As soon as I use a block RAM, 2 clock cycles per sample are needed. Why?
This is the typical output:
@W [SCHED-68] Unable to enforce a carried dependency constraint (II = 1, distance = 1)
between 'store' operation (video_fir.c:52) of variable 'calc_0_2_load' on array 'buffer_0' and 'load' operation ('inDataNext', video_fir.c:45) on array 'buffer_0'.
Failed to meet target II: 1
The critical dependency path consists of the following.
[Operation latency] 'load' operation ('inDataNext', video_fir.c:45) on array 'buffer_0' takes 1 cycle.
[Precedence] from 'load' operation ('inDataNext', video_fir.c:45) on array 'buffer_0' to 'store' operation (video_fir.c:52) of variable 'calc_0_2_load' on array 'buffer_0' with length = 0.
[Carried Dependence] from 'store' operation (video_fir.c:52) of variable 'calc_0_2_load' on array 'buffer_0' to 'load' operation ('inDataNext', video_fir.c:45) on array 'buffer_0' with (distance, length) = (1, 1).
Total length of the dependency path is 2,
which exceeds II * total distance = 1 * 1 = 1
@I [SCHED-61] Pipelining result: Target II: 1, Final II: 2, Depth: 11.
This is detailled more precisely in the user guide.
This is a case where the indexing for the reads and writes are from independent variables or similar.
The HLS engine cannot determine that these variables will never be equal, hence, that is safe to do a write-after read access to the block RAM, which has a 1 cycle read latency.
In this case, the HLS tool is seeing a false loop-carry dependence on buffer, due to the block RAM latency it stretches the II to 2, as can be seen from the messages in the HLS log above.
For this kind of case, Vivado HLS provides the DEPENDENCE directive.
Because the dependency reported is between the loop iterations, it is considered an inter dependency.
So, by adding the following directive, the desired II=1 can be attained (either tcl or similar as pragma):
set_directive_dependence -variable buffer -type inter -dependent false "video_fir/shift_loop"
#pragma HLS DEPENDENCE variable=buffer inter false
Please further check the user guide or the man pages in the tool.

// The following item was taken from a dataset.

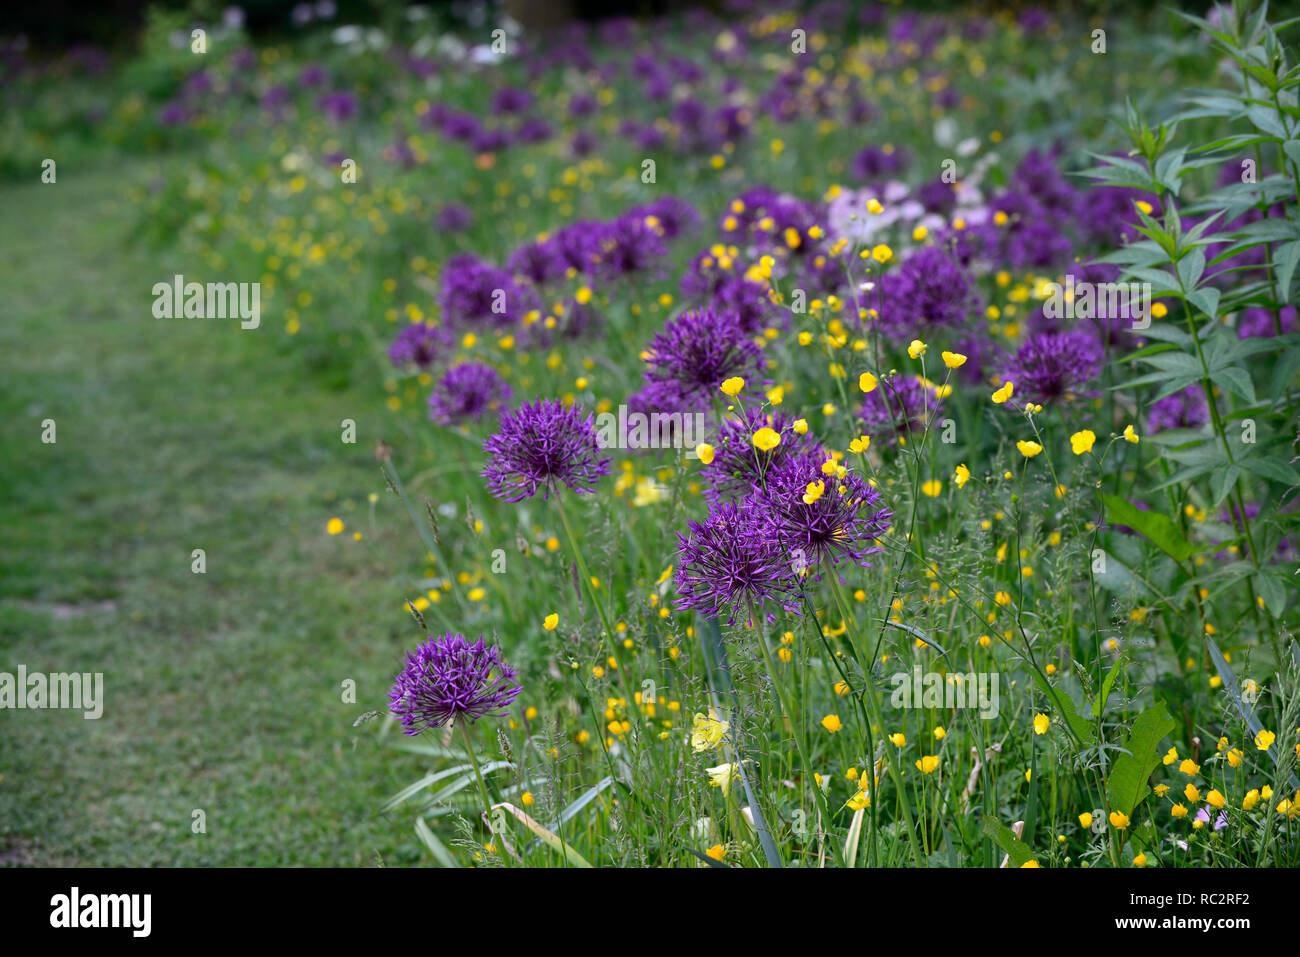 Allium Purple Rain,Buttercups,Wildflower meadow,yellow white purple flowers,flowering,mix,mixed,combination,bed,border,planting scheme,RM floral, Stock Photo

Please note that collision warnings might be issued during C/RTL co-simulation.
Finally, it must be emphasized that, while the DEPENDENCE directive is occasionally necessary to override the conservative default behavior of HLS, it is just that: an override.
It is recommended to recode unless absolutely sure the access are independent.
It is up to the designer to ensure that the dependency reported by the tool is, in fact, a false one. Otherwise, RTL generated by HLS might not operate properly.
You also need to make sure the RTL simulation still works with the new directives.